Codependency is a word that has been thrown around a lot, without always being clear about what it means. At The Pavilion, in Williamsburg, Virginia, we think it is important for people to understand behavioral health terminology so that they can examine their own relationships and ensure that they are as healthy as possible.
People who are codependent are often seen as nice, caretakers, people pleasers, team players, and other words that aren’t necessarily viewed as negative. Codependency, however, is an unhealthy relationship dynamic that is common in relationships where addiction, abuse, or mental illness are present. It’s an excessive amount of dependence between people. Codependency can be one or all of the following:
- Financial
- Emotional
- Physical
Examples of Codependency
Codependency is not limited to intimate partnerships. Families, colleagues, and friends can also be codependent. Some examples include:
- A parent whose child is an adult who is capable of addressing their own needs, but the parent still feels the need to meet all of their child’s needs.
- A child who feels responsible for their parents’ feelings.
- A spouse who lies for their partner so that people won’t discover the severity of their addiction or so that their partner will not experience consequences for their choices.
- A parent who continues to give their child money, despite knowing that the child has problematic behaviors around substance use and will likely use the money to gain access to their drug of choice.
- A friend who feels obligated to drop everything at their own expense, to hang out with a friend who doesn’t seem to have anyone else to meet their need for companionship.
- A relationship where one party doesn’t feel comfortable asking for their needs to be met because they fear a negative reaction from the other person.
- A co-worker who regularly feels the need to cover for a team member who fails to follow through on their responsibilities.
Signs of Codependency
You can love someone and do nice things for them without becoming codependent. If you’re not sure if you might be in a codependent relationship, you might consider it helpful to look for the following red flags:
- One or both of you feel like you cannot live without the other person.
- One of you has to hide your own thoughts, feelings, or opinions so that the other person will like you or treat you with respect.
- One of you is worried that the other person will abandon you.
- There is no one outside of the relationship to provide for the emotional needs of the people inside the relationship.
- One or both of you lack a sense of your own identity, which you need the other person to provide for you.
- Feeling guilty when you need to do something without them, or that isn’t related to meeting their needs.
- Taking on responsibility or guilt that doesn’t really belong to you.

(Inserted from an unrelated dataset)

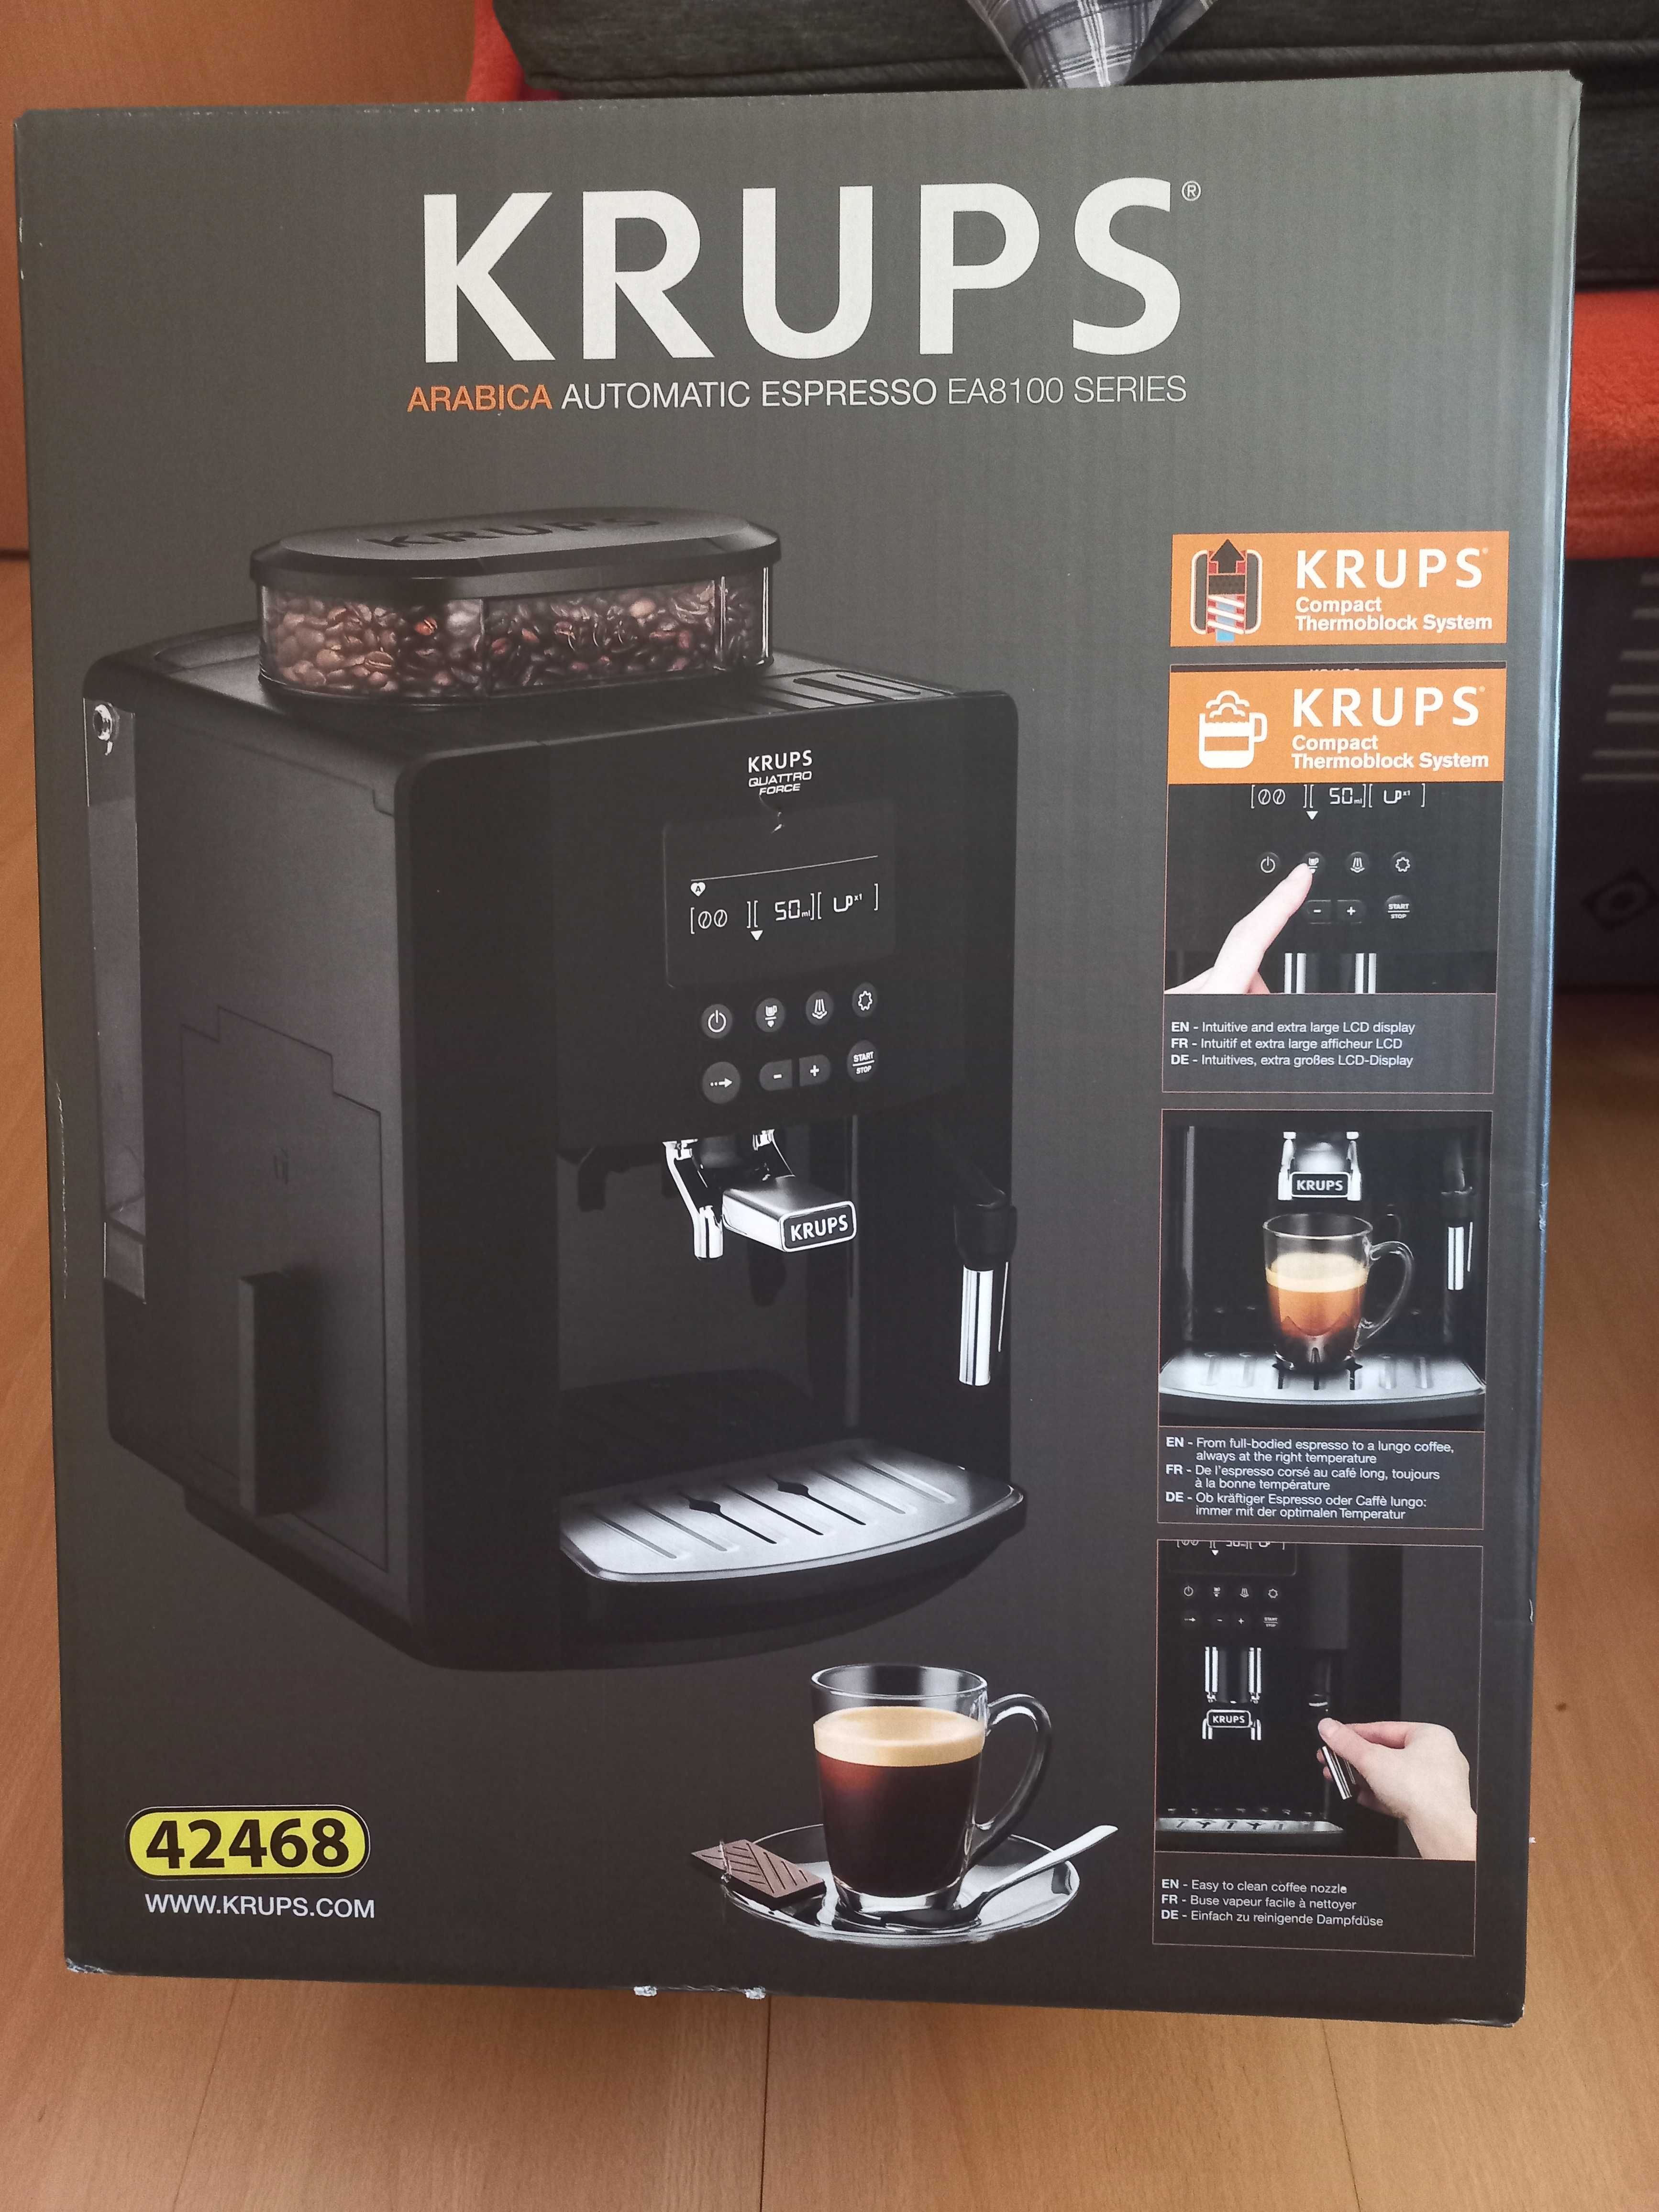 KRUPS: Arabica Automatic Espresso EA8100 Series

- Ignoring or minimizing their behaviors that cause you harm.
- All of the things above can build resentment over time.
People Prone to Codependency
People who form codependent relationships often share many of the same traits, including:
- Low self-esteem
- Difficulty setting/respecting boundaries
- Taking on too much responsibility for other people
- Finding it easier to “love” people they can pity and rescue
- Doing more than their share, all of the time
- Needing approval and recognition, and feeling hurt when people don’t notice their sacrifices
- Willingness to do anything to keep a relationship, and being afraid of abandonment
- Feeling bad for sticking up for themselves
- Needing to control other people
- Distrusting themselves and other people
- Finding it difficult to identify or express their feelings
Getting Help
Because the factors that increase a person’s likelihood to develop codependent relationships are often personal crises or chronic, unbearable pain, recovery may require time and support. Therapy and 12-Step groups are often beneficial for identifying codependency and finding new ways to interact with other people. Co-Dependents Anonymous offers online and in-person meetings for people who are recovering from codependency. They offer a weekly meeting in Williamsburg and numerous other Virginia communities.
At The Pavilion, we want our clients and their support systems to have strong, healthy relationships that provide for the needs of each person who is involved. Whenever possible, we try to include loved ones in the treatment process, so that they can also begin to heal from issues that could be impacting their relationships with our clients.